Teror sampai Tempo Mampus
Pesan itu mengejutkan redaksi. Isi pesannya, sambung Bagja, “Cukup kah kepala babinya? Kalian tak mau mendengar sih, bebal. Kalau kami bakar Tempo itu anarkis. Kami akan meneruskan teror sampai kantor kalian mampus,” ungkapnya.
Sore harinya, redaksi Tempo mendapat kabar jika handphone ibunya Cica diambil alih seseorang. Devicenya di rumah tapi WhatsApp-nya kena hack.
Belum usai mendapat teror kepala babi, pada tanggal 22 Maret pagi datang seseorang menggunakan ojek aplikasi melempar bungkusan lain. Petugas kebersihan mengira itu bingkisan lebaran.
Ketika membukanya kaget bukan kepalang.
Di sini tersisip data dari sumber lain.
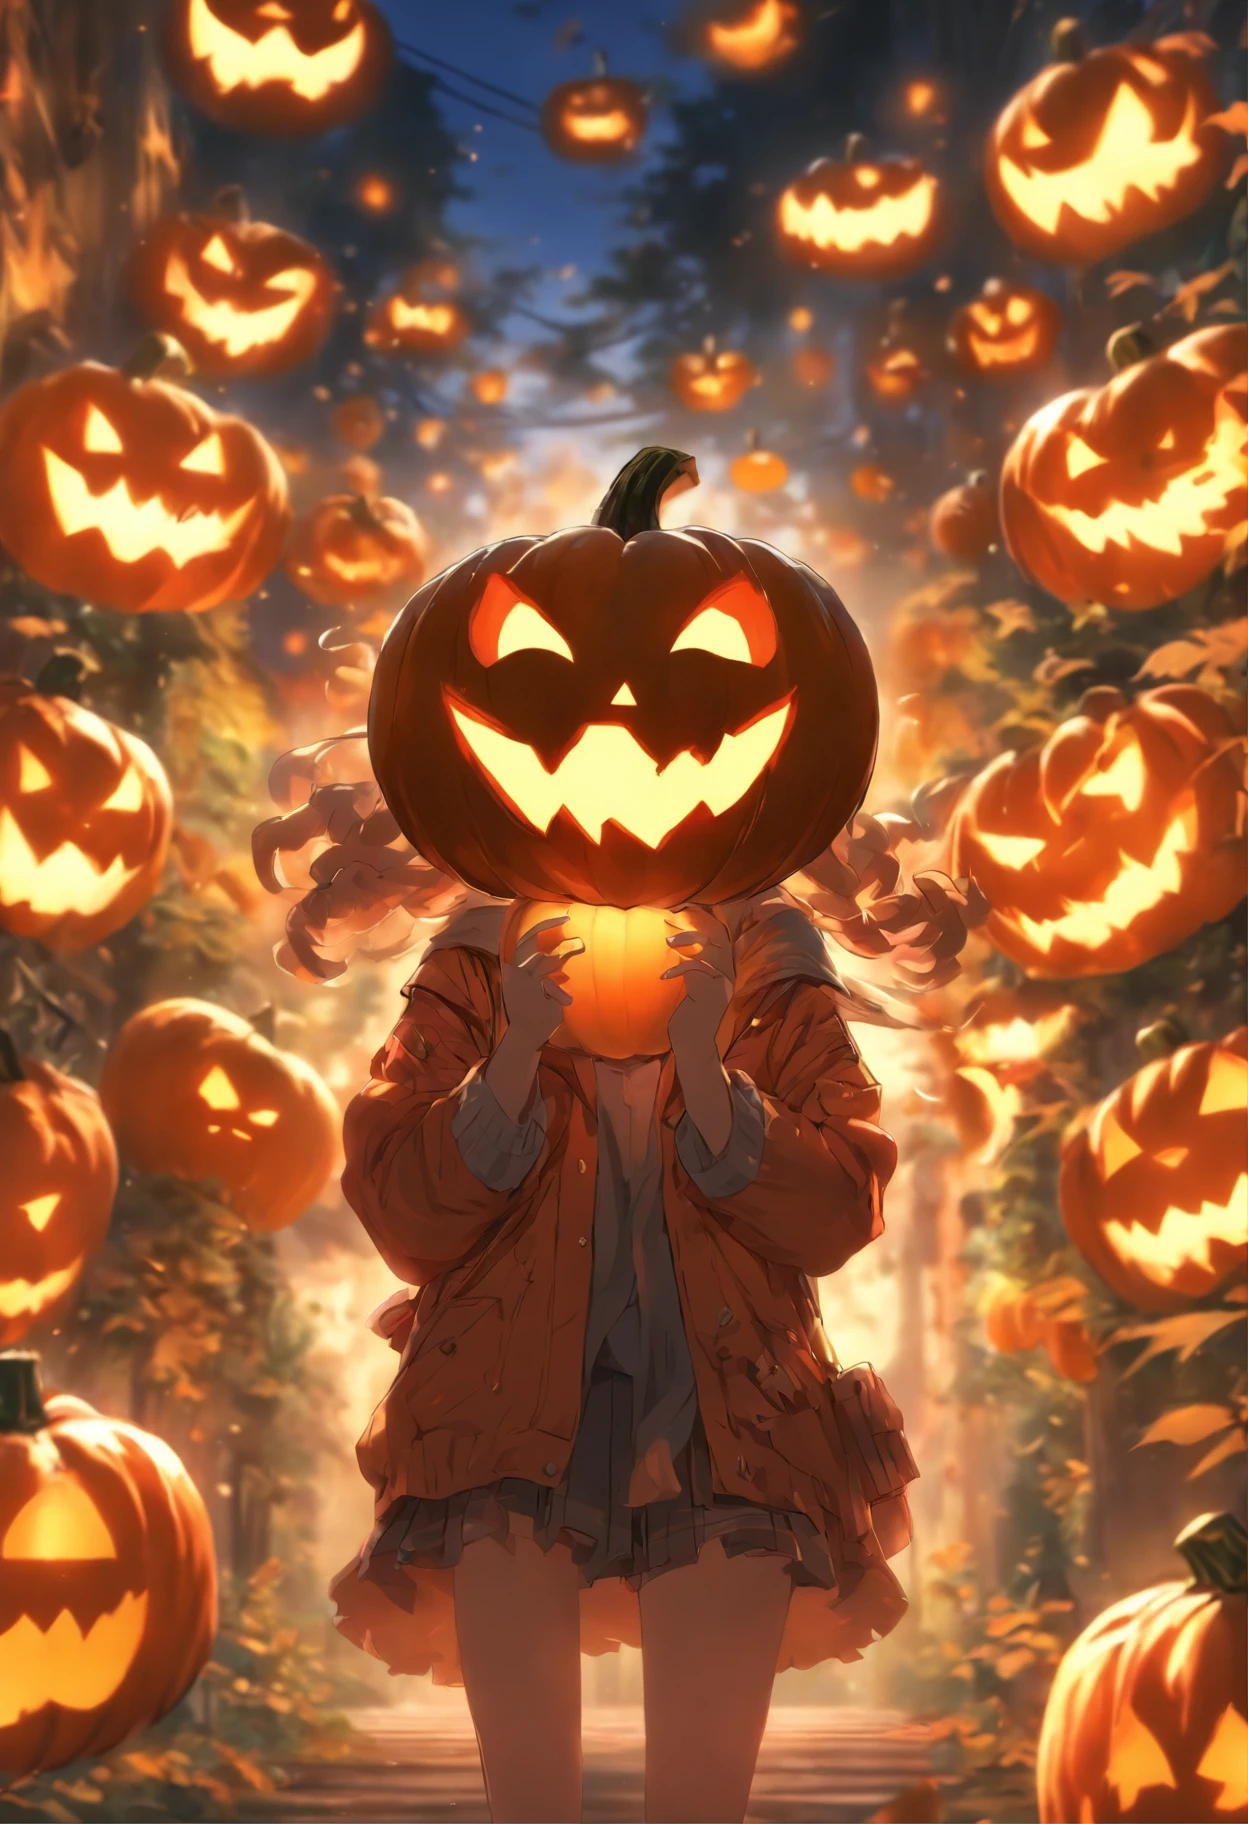 a girl holding a pumpkin in front of her face, anime art wallpaper 8 k,  anime art wallpaper 4 k, anime art wallpaper 4k, anime style 4 k - SeaArt AI

Ternyata isinya bangkai tikus.
Pada tanggal 22 Maret siang hari, orang yang mengirim pesan ke Instagram Tempo melakukan doxing terhadap Cica. Data-data pribadi Cica tersebar ke sosmed. “Ada rentetan teror dari kepala babi, teror pesan, bangkai tikus, doxing. Enam bangkai tikus itu simbolik terhadap enam host Bocor Alus Tempo,” tambah Wapimred Tempo, Bagja.
Ngeri-ngeri Sedap
Ia mengaku awak redaksi sangat was-was terhadap rentetan teror tersebut.
“Kami ngeri-ngeri sedap. Mengapa? Karena kami tahu sedang diteror tapi kami tidak tau siapa pelakkunya. Kami melakukan SOP baru di Tempo. Meningkatkan keamanan, membentuk crisis center,” jelasnya.
Saat ini, sambung Bagja, setiap wartawan Tempo tidak boleh ke narausmber sendirian. Liputan harus ada backup. Harus melapor ke atasan, level di atas wartawan harus tahu.
“Kami membentuk crisis center. Saya sendiri ke stasiun telvisi dikawal. Kami tahu teror ini ancaman seirus. Saat menerima kepala babi masih bisa tertawa, setelah mendapat kiriman bangkai tikus, kami silent semua. Diam semua. Ini serius terornya,” ungkap Bagja.
Harus Diusut Tuntas
Menanggapi hal ini Psikologi Forensik, Reza Indagiri, menjelaskan secara normatif ini adalah sebuah ancaman nyata. Ancaman adalah persoalan hukum, pidana.
Dalam persidangan, Hakim selalu menilai dua hal. Pertama bobot kesengajaan, kedua bobot cedera dari korban. Baik cedera fisik atau psikis.
“Anggap saja tidak ada cedera. Faktanya ancaman itu sudah berlangsung. Karena itu, dalam kasus ini hukum harus ditegakan. Ini sudah pidana,” tegasnya.
Terkait kiriman babi dan tikus, Reza juga menafsirkan dua hal. Pertama ini adalah penistaan terhadap kemanusiaan yang bebas hidup aman dan nyaman. Kedua penistaan hewan. Kekerasan terhadap hewan yang jadi objek penganiyaan. Ini simbol kekerasan.
“Tidak ada alasan bagi negara untuk abai. Ini harus ada penindakan tegas karena sudah masuk ranah pidana,” jelasnya.
Ia juga meminta agar Prabowo berlaku tegas terhadap jajarannya di Istana.
“Tidak lagi menanggapi hal ini dengan nirempati, seperti respons dari Jubir Istana Hasan Nasbi, yang menyuruh agar kepala babi tersebut dimasak,” tegas Reza.